Small Steps. Big Impact.

First MVP

We started with a native Android application that just poked the relevant service with a simple TCP session.
As seen in the attached image, the interface contains one button, and the results are colored green and red to indicate success or failure.

While this application worked, it didn’t provide 100% coverage, as an open port doesn’t necessarily imply our service will communicate well.

Take-Two: Improving Coverage & Reliability

We replaced the tests that kept failing with a full-service test.
This means that if one of our services requires MQTT protocol over port 8883, we will initiate a client connection to the service broker and verify they communicate well.

Not only that, but we also overcame some issues with network hiccups, by running each test multiple times and specifying a success threshold.

Insights & Action Items

Per our requirements, we wanted our solution to give a clear idea of what needs to be done to fix the problem.
So we tested alternative ports and hosts combinations that our services accepted and gave recommendations accordingly.

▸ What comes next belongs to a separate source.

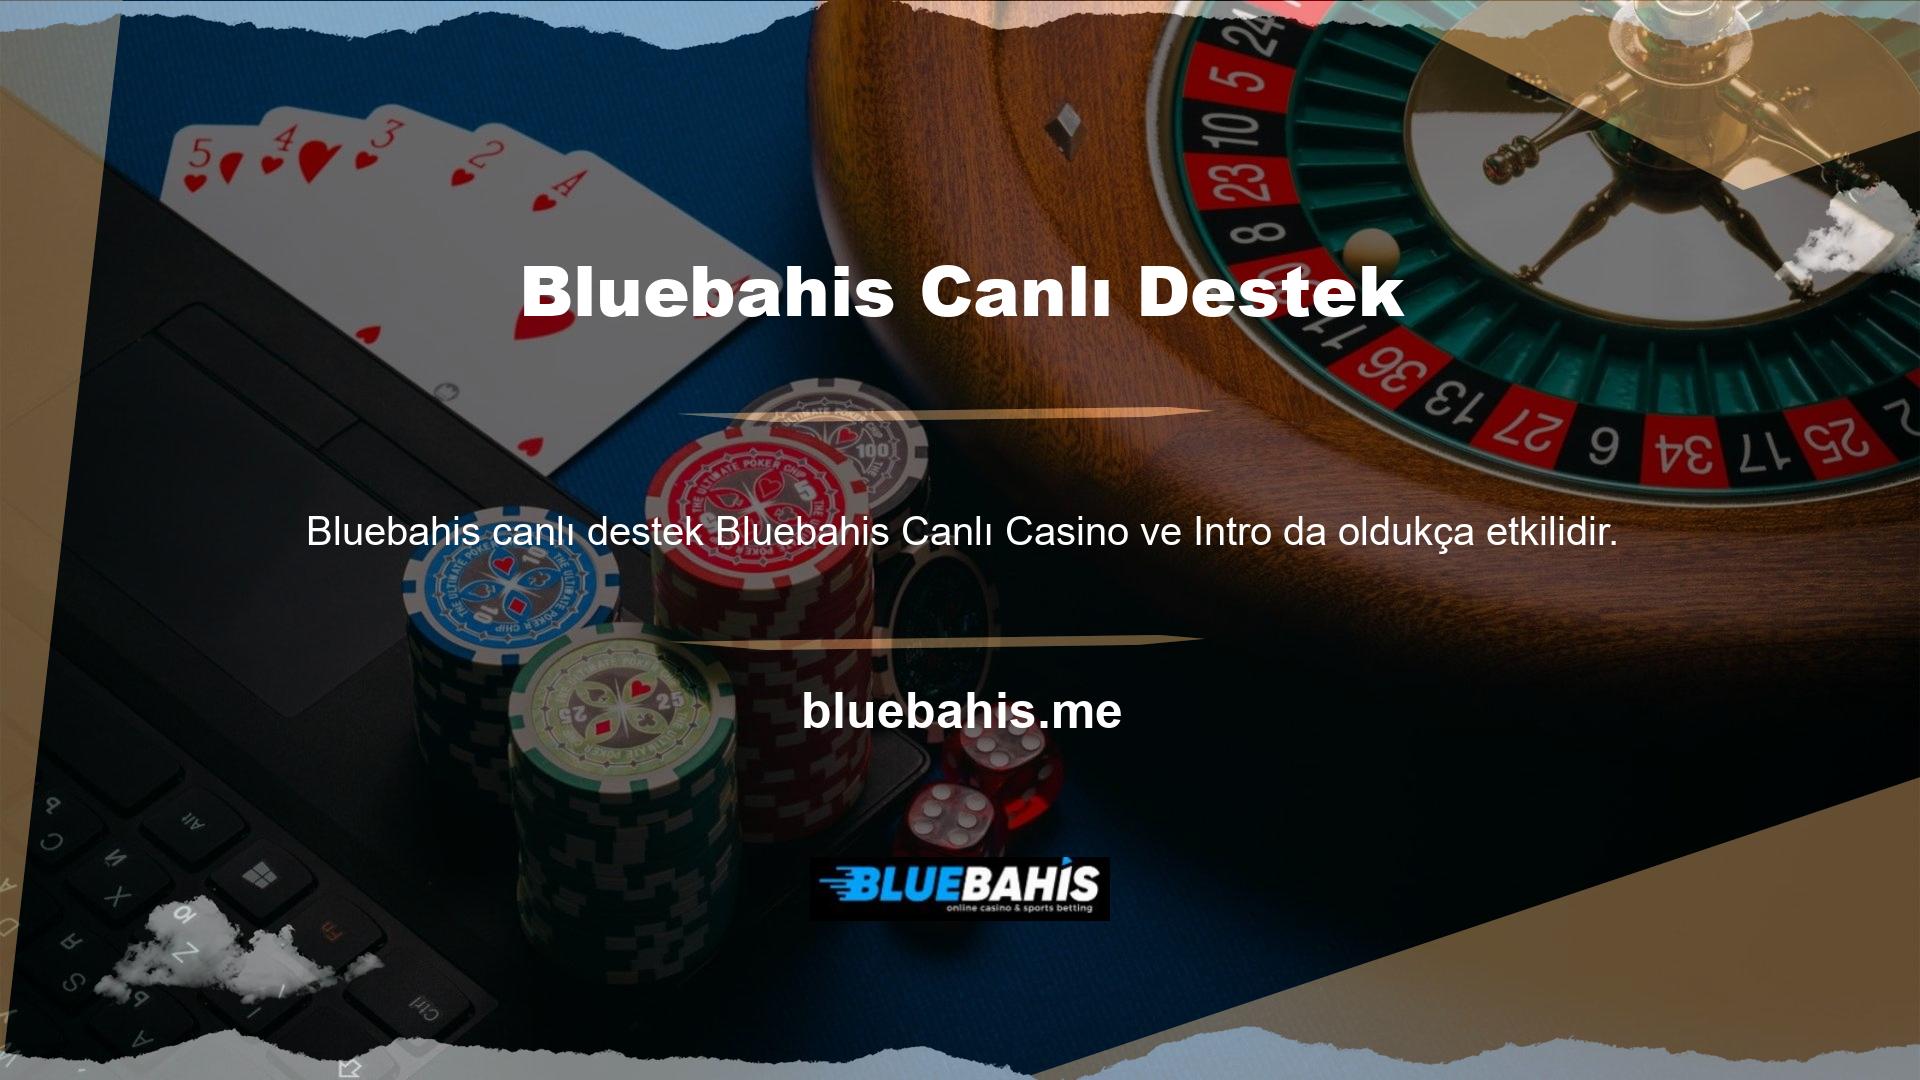 Bu bölümde sadece poker oyunları için değil aynı zamanda rulet ve blackjack gibi seçenekler için de Bluebahis Casino'ya kayıt olmak için en güncel oyunların tümüne erişebilir ve canlı desteğin keyfini çıkarabilirsiniz

We also reported the results back to ourselves, so we can learn and improve the service we give.
This is what the final solution looks like today:

Closing thoughts

While we didn’t reinvent the wheel here, we did give tremendous value to our customers.
Saving time and money, by replacing a very manual tedious process with the click of a button.
A year after the deployment of this feature, we can see how widely it’s used by our customers and integrated into our processes.
The above process takes 1–2m to output a clear report, and replaces our traditional process that took at least a week.
Moreover, we see our customers using it a few times a week on planned installation sites, without our guidance or intervention.

This feature was born from a pain we identified in our processes, and was pushed from the development team up to the product.

It was a pleasure to work with the customers, understand their needs and talk with IT / Security teams to validate our assumptions and produce the final product!

My small take to you, whatever your role, is to look around you.Look and learn your company and customer processes, ask questions and find where you can bring value and impact. It’s out there, so go grab it!